To cultivate a culture of cyber confidence among employees of all ages, Sears recommends that HR leaders consider the following.  

  • Training that is consistent and up-to-date gives employees more confidence in their cybersecurity preparedness. Organizations testing their employees to see if they handle threats appropriately can inadvertently turn cybersecurity education into a “gotcha” moment. 
  • Transparency surrounding how AI is developed and deployed across the organization eases employees’ concerns about using the technology responsibly. Make the process for reporting potential attacks and vulnerabilities simple enough that workers across all generations can seamlessly integrate it into their day-to-day lives.    
  • Trust needs to go both ways in the relationship between the organization and its employees. It’s important to position cybersecurity protocols as working in partnership with employees, not as police. 

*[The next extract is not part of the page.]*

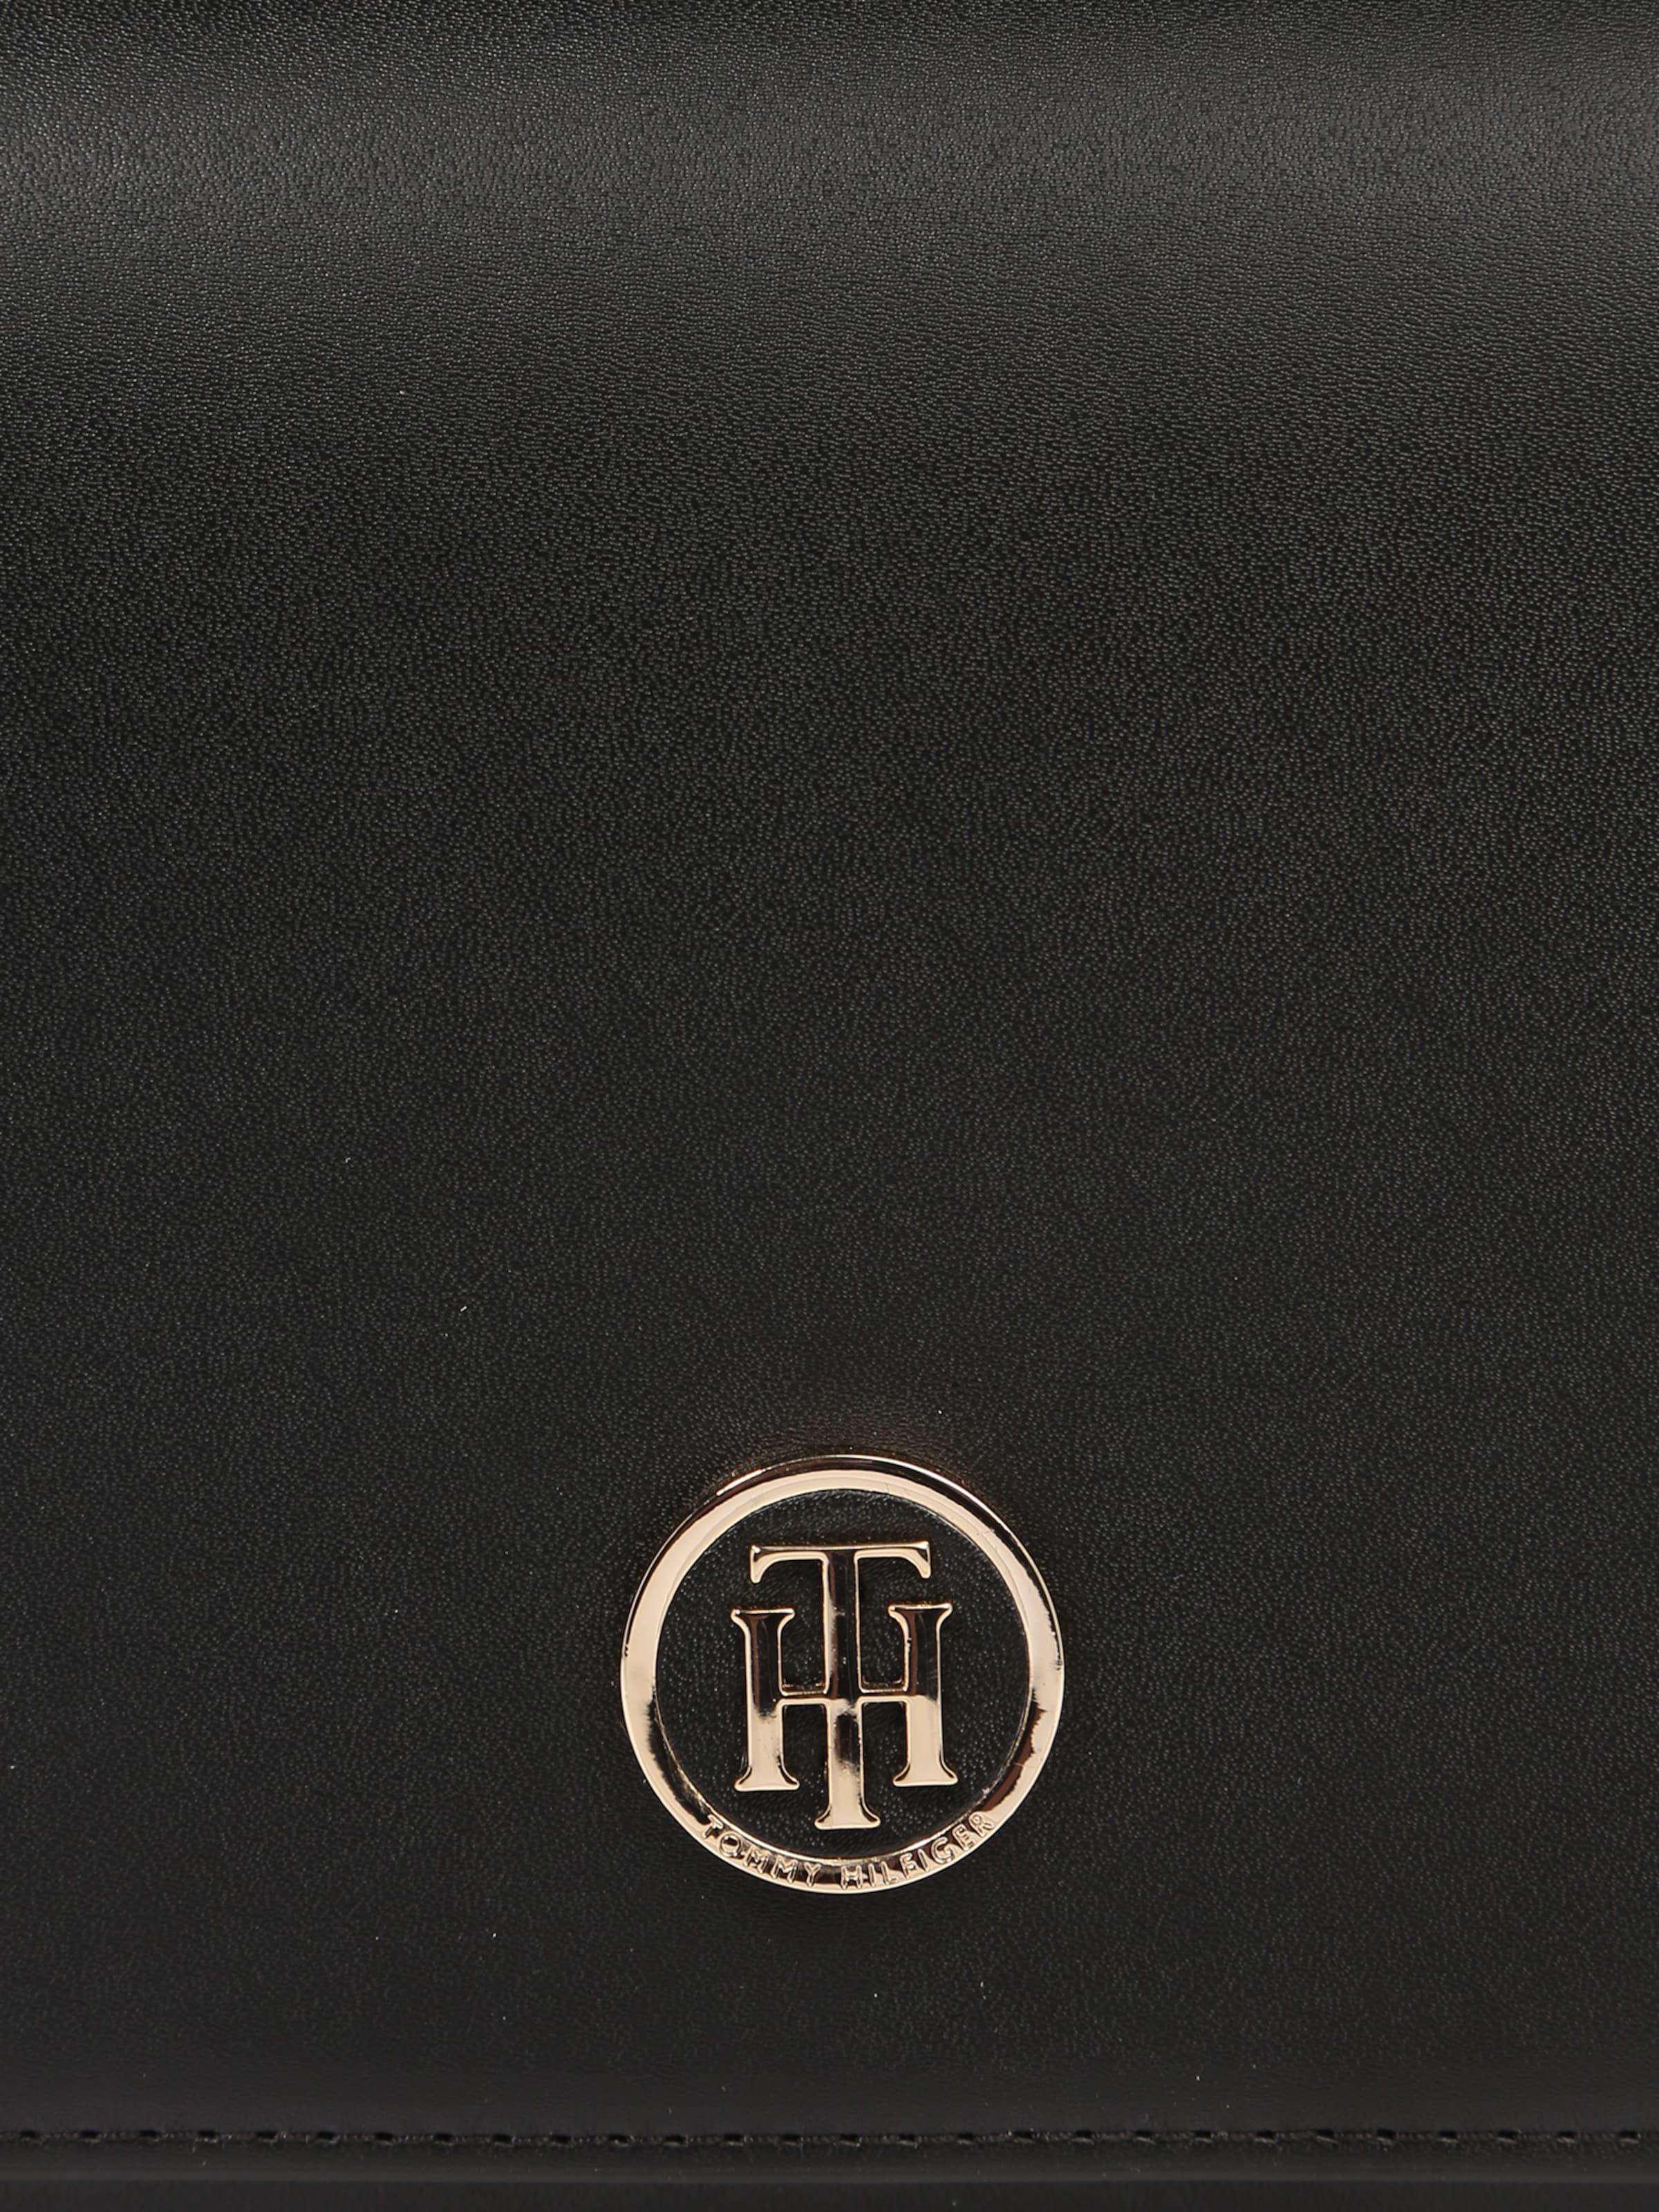 Ausverkauf Outlet Online Bestellen TOMMY HILFIGER Umhängetasche 'YOUTHFUL HERITAGE' Jsh8MEtM

Further, the U.S. Cybersecurity and Infrastructure Security Agency recommends implementing safe cybersecurity best practices like strong passwords, regularly updating work software, using caution when clicking suspicious links, and turning on multi-factor authentication to improve online safety.  

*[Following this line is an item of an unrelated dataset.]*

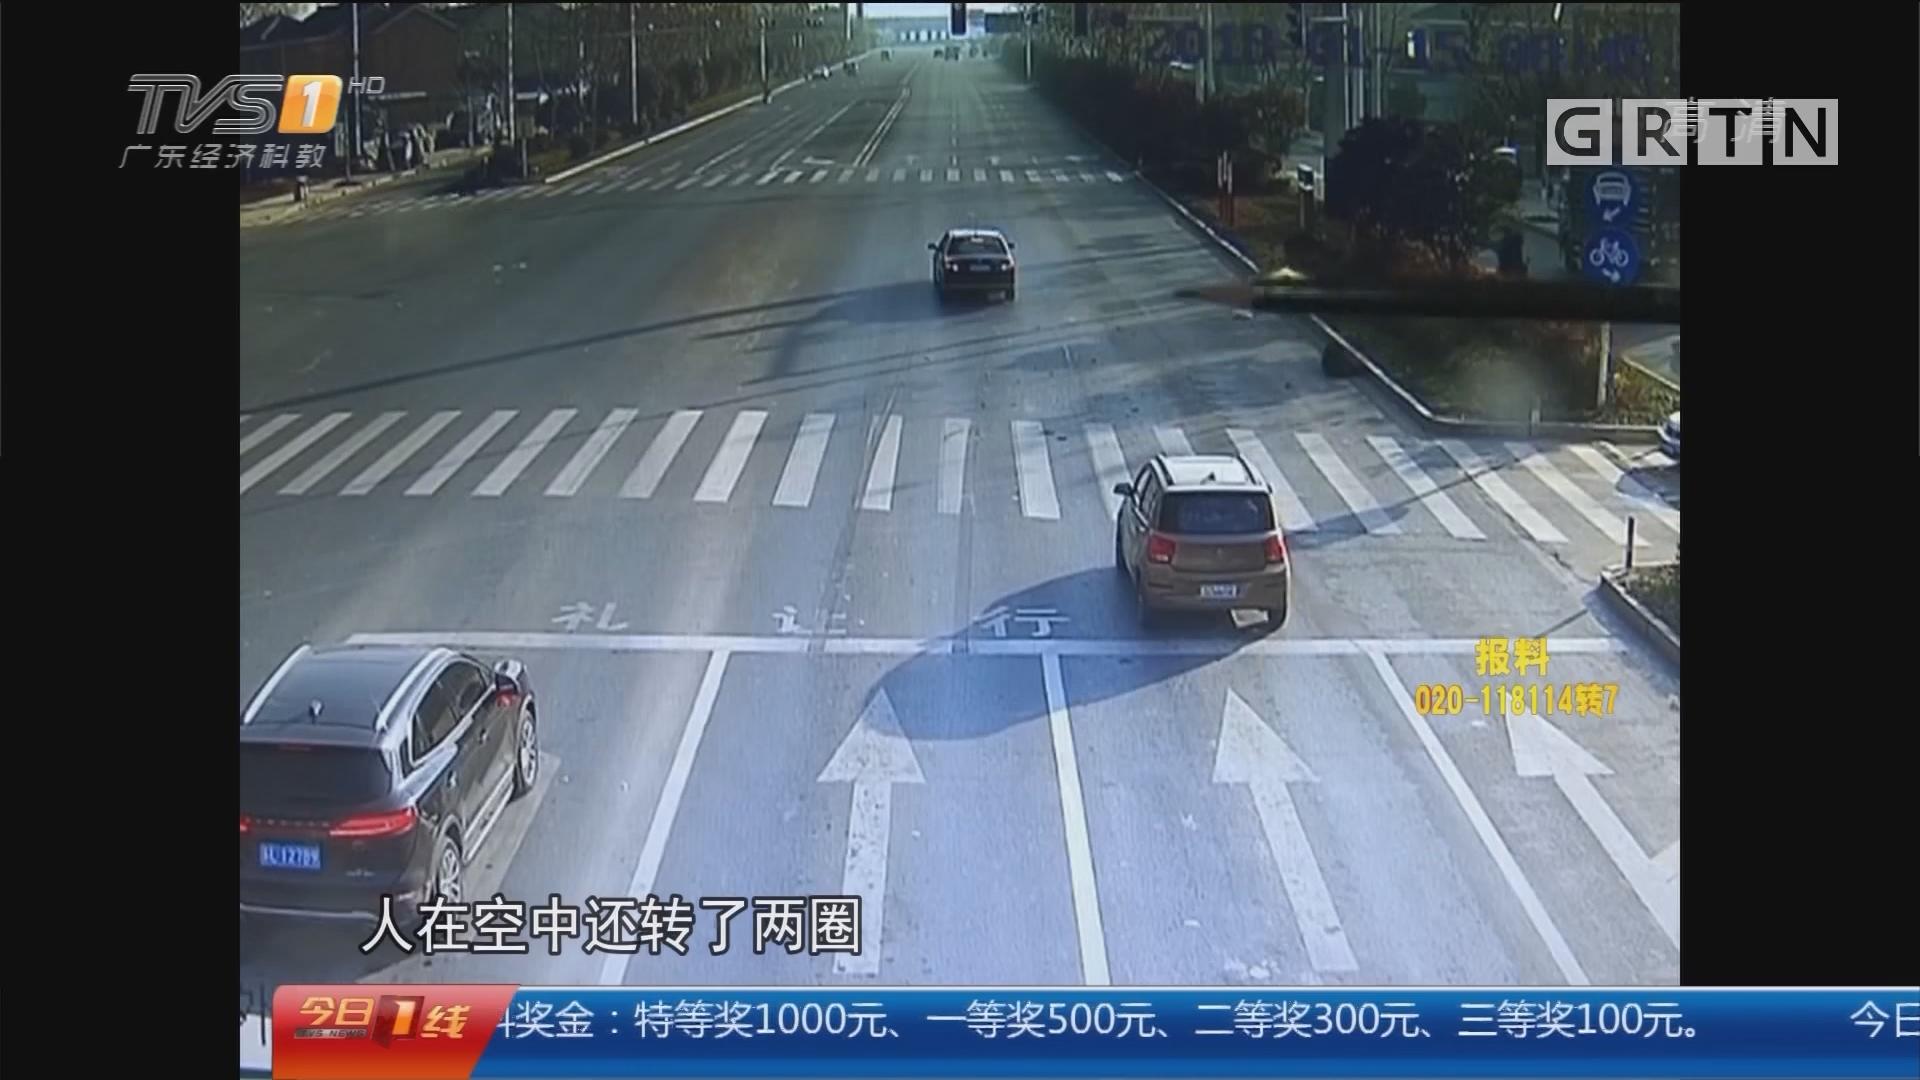 江苏镇江:闯红灯被撞 女子空翻两周落地

EY research finds that 78% of U.S. employees are concerned about the use of AI in cyberattacks, and 85% say they believe AI has made cybersecurity attacks more sophisticated. To help ease these concerns, Sears explains that HR leaders must embrace transparency surrounding how AI is being used and demonstrate responsible AI practices themselves to help mitigate risks.  

Only 62% of employees say their employer has made educating employees about ethical AI use a priority. EY’s AI Anxiety in Business survey finds that most employees would view their organization more positively if it offered education on AI ethics.  

Over 70% of the workforce—primarily Gen Z—are anxious that AI is going to take their jobs, so they’re starting from a position of fear with the new technology, Sears says. When coupled with the fact that nearly 40% of employees are not confident that they know how to use AI responsibly, it becomes a significant barrier for organizations looking to adopt the technology.  

“With emerging technologies continuing to evolve, it’s important to keep humans at the center of an organization’s strategy, and to implement programs that alleviate myths and fears, while demonstrating the value of the new technology to both the employee and the organization.”